_TRY IT_.
Below is a listing. Quote from it, exactly, the lines from the one containing "kembarshop - setelan" down to the one containing "Сестра играла а", both ends included, and nothing else.

--------------------------------

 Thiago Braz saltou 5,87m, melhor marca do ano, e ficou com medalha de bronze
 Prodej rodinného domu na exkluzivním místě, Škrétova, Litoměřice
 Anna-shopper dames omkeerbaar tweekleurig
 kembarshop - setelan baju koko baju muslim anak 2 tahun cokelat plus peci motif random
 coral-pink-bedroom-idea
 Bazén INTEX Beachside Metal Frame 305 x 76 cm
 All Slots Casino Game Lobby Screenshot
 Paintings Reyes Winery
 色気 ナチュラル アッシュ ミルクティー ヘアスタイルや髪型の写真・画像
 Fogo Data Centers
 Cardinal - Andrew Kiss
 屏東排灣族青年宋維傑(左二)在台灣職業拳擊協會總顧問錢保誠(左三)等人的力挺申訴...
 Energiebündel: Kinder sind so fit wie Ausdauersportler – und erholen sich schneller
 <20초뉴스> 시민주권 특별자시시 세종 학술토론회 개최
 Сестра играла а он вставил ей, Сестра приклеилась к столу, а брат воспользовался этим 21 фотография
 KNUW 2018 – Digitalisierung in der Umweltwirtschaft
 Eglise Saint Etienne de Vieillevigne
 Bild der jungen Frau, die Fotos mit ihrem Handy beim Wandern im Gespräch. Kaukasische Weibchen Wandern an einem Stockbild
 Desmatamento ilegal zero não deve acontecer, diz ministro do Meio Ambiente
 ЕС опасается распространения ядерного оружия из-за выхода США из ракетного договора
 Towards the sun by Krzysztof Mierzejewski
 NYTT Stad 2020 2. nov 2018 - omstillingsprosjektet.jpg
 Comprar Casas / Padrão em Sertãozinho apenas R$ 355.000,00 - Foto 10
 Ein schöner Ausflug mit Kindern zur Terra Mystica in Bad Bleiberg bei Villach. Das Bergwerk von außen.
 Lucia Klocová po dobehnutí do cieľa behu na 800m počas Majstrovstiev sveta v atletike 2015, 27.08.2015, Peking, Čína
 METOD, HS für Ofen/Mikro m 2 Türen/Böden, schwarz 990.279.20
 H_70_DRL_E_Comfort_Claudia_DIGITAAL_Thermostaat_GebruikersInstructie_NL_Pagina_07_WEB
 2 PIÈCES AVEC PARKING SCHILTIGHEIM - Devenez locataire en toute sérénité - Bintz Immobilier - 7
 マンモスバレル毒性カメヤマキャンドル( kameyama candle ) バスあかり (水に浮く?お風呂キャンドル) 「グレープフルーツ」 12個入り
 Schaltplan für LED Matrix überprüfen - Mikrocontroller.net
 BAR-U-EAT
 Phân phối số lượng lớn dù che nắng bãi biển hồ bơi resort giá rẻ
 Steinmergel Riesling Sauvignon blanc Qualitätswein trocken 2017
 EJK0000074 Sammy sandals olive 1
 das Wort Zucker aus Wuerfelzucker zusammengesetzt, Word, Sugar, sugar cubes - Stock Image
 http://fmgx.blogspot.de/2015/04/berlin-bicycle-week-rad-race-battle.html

--------------------------------

_SOLUTION FOR THIS PROBLEM_.
 kembarshop - setelan baju koko baju muslim anak 2 tahun cokelat plus peci motif random
 coral-pink-bedroom-idea
 Bazén INTEX Beachside Metal Frame 305 x 76 cm
 All Slots Casino Game Lobby Screenshot
 Paintings Reyes Winery
 色気 ナチュラル アッシュ ミルクティー ヘアスタイルや髪型の写真・画像
 Fogo Data Centers
 Cardinal - Andrew Kiss
 屏東排灣族青年宋維傑(左二)在台灣職業拳擊協會總顧問錢保誠(左三)等人的力挺申訴...
 Energiebündel: Kinder sind so fit wie Ausdauersportler – und erholen sich schneller
 <20초뉴스> 시민주권 특별자시시 세종 학술토론회 개최
 Сестра играла а он вставил ей, Сестра приклеилась к столу, а брат воспользовался этим 21 фотография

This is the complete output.